On Fri, 5 Dec 2008 10:44:00 -0500, "Scott McMurray"
<me22.ca+boost <at> gmail.com> said:
> On 2008-12-05, Andy Tompkins <atompkins <at> fastmail.fm> wrote:
> > On Tue, 2 Dec 2008 00:00:32 -0500, "Scott McMurray" said:
> >> I'd rather know whether it was v3 or v5 somewhere more obvious than
> >> the design notes, though.  If I were using v3 (MD5) uuids and
> >> switched to boost not knowing that v5 (SHA1) uuids exist, I'd
> >> likely be very confused when my code stops working with my data.
> >
> > Hmm, I'd be surprised if your code stopped working.
>
> Well, if I had some UUIDs in a database that were generated from a v3
> algorithm, and I tried to look one up from the base string, but
> generated the UUID from the v5 algorithm, the lookup would fail.

Ah, I understand.  Yes this would be a problem.

> Though I have no idea whether this would be an issue in practice.
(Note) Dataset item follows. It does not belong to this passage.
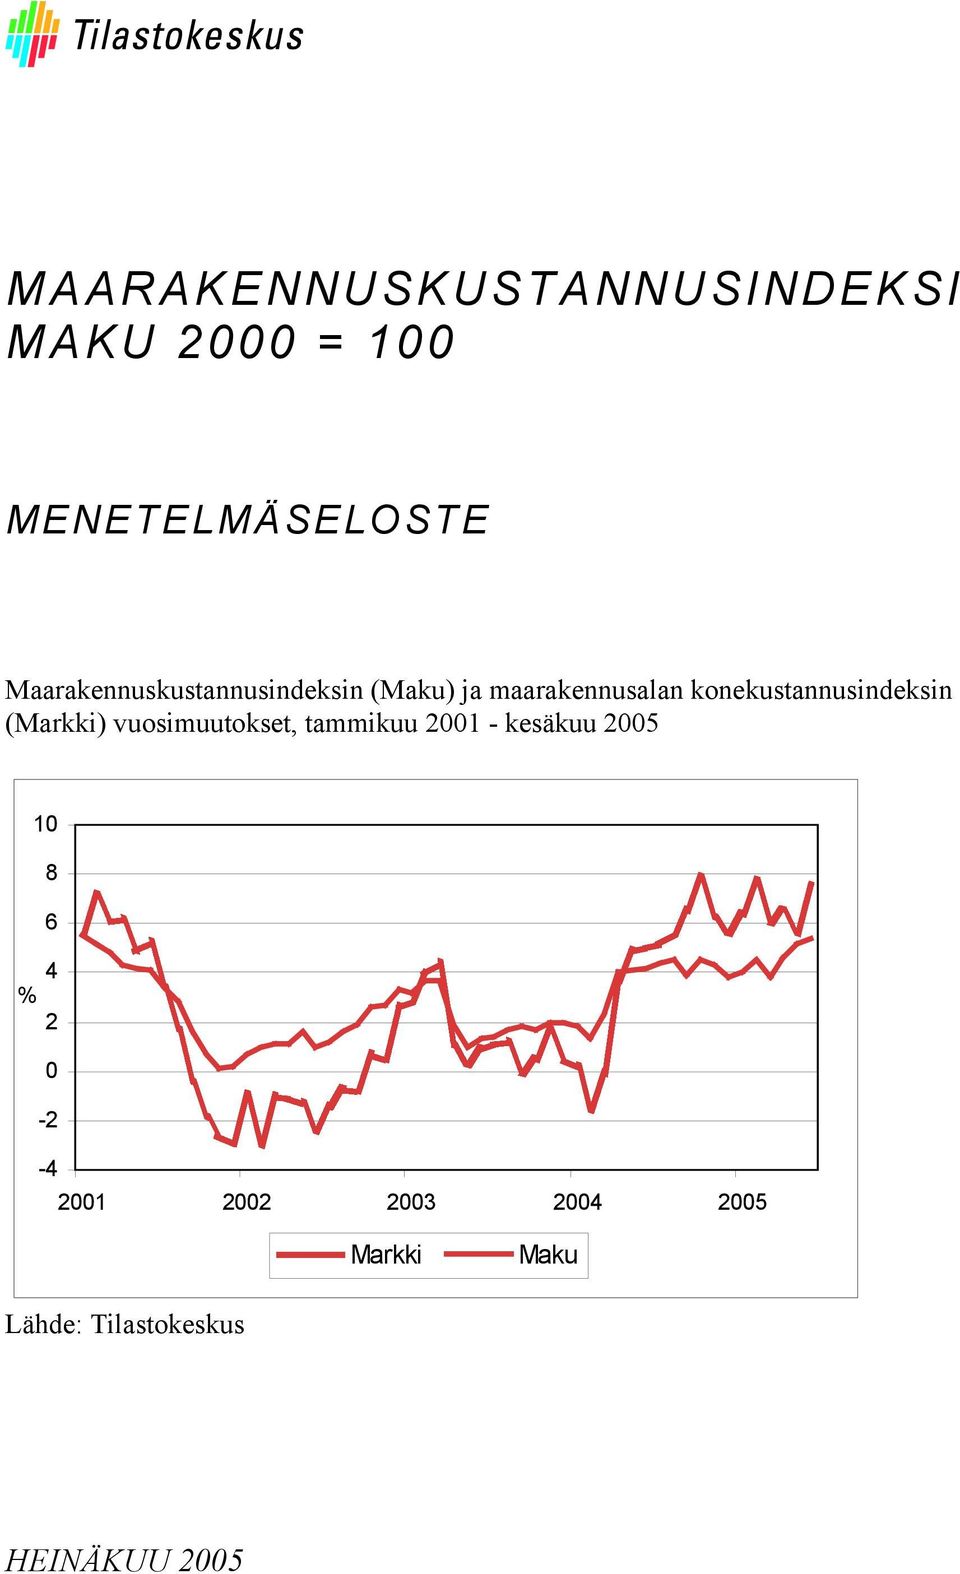 konekustannusindeksin (Markki) vuosimuutokset, tammikuu 2001 - kesäkuu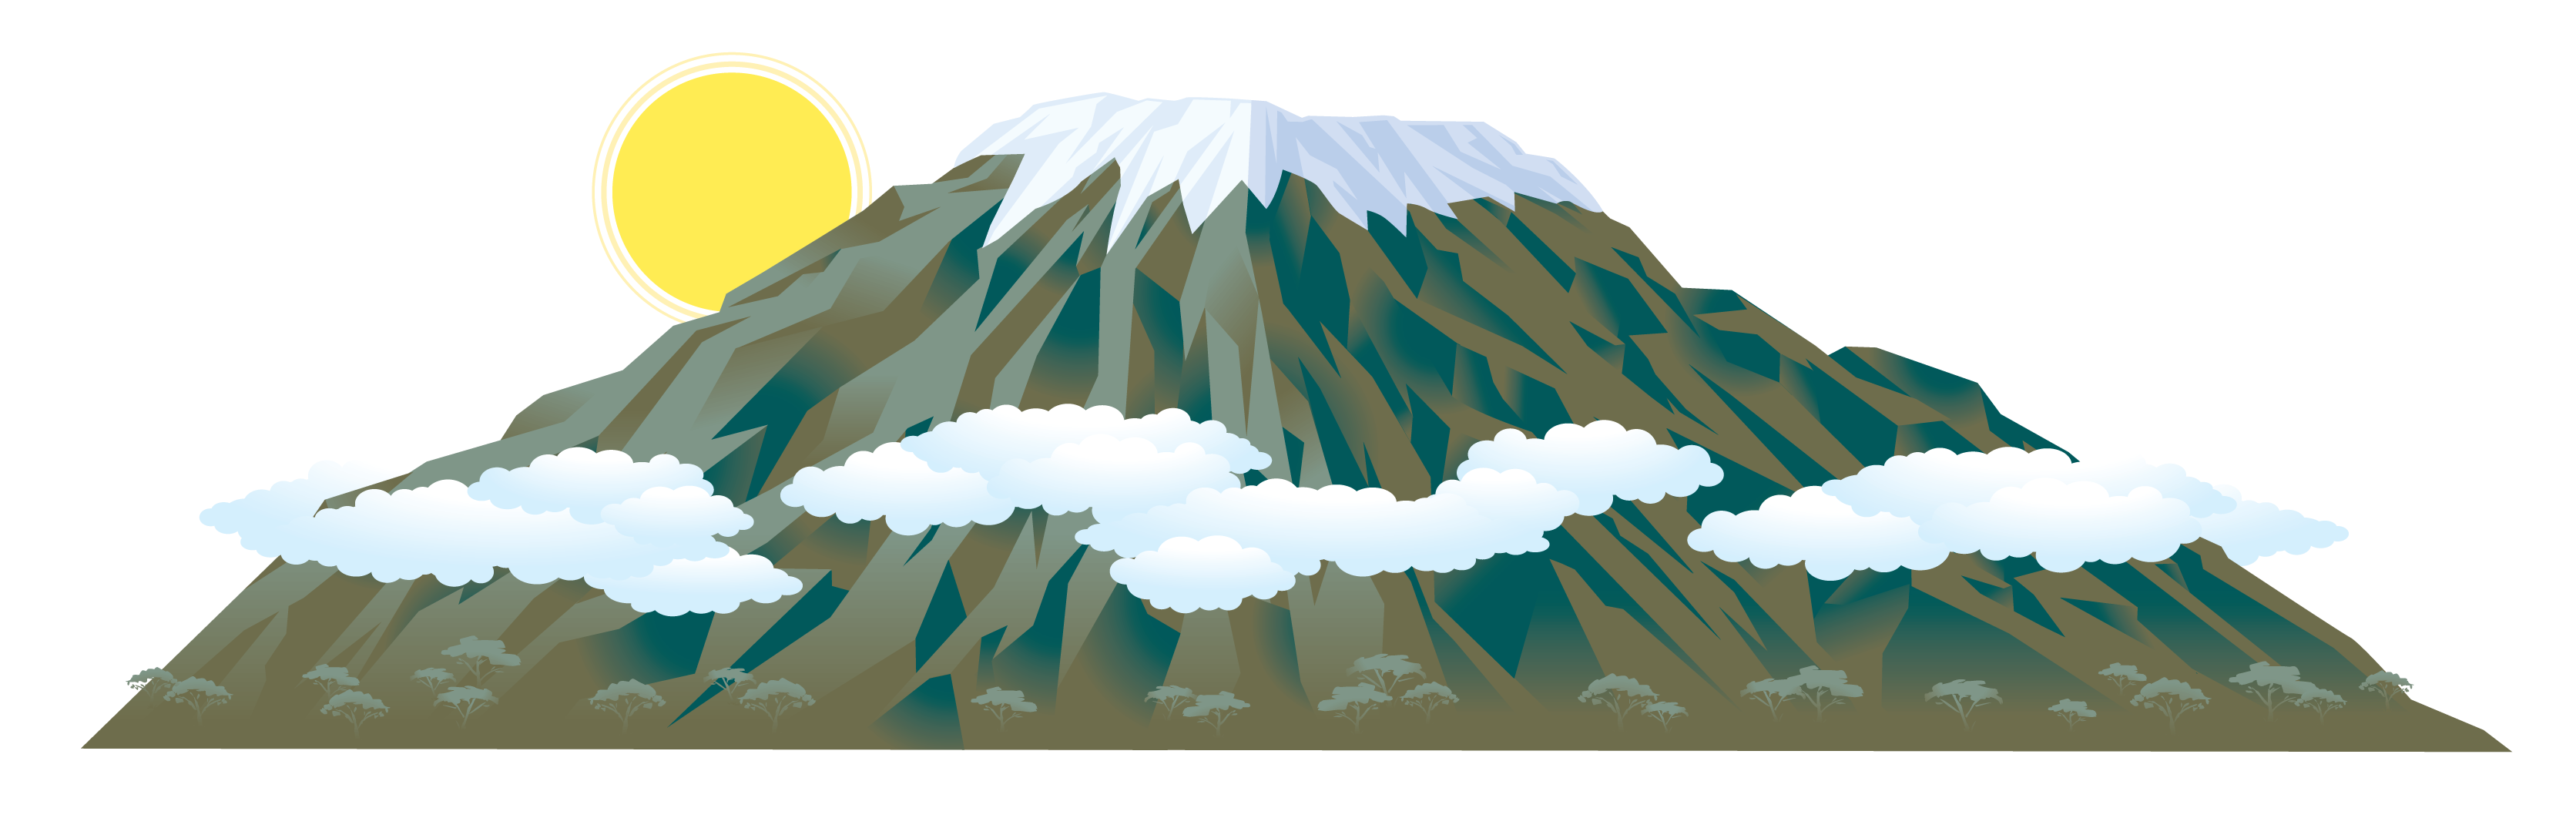 Горы картинка для детей на прозрачном фоне. Гора Килиманджаро. Гора Килиманджаро вектор. Эверест и Килиманджаро. Гора Килиманджаро рисунок.

Good question.  I don't know how boost::uuids can prevent this besides
documentation.

> > But regardless, would it be enough to add a/some member functions to
> > uuid so that one could ask what type of uuid it was?  For example:
> >
> > boost::uuids::version_type v = u.version();
> >
>
> I think that's an excellent idea.
>
> I don't think it solves the issue, though, since I likely wouldn't
> think to check going from some hypothetical old C API's
>
>     UuidCreateByName(&id, UUID_NAMESPACE_DNS, "www.widgets.com", 15);
>
> to
>
>     id = boost::uuids::uuid::create(dns_namespace_uuid,
>     "www.widgets.com");

I agree, it doesn't solve the issue.  I think the best guard against
this would be with unit tests for their code.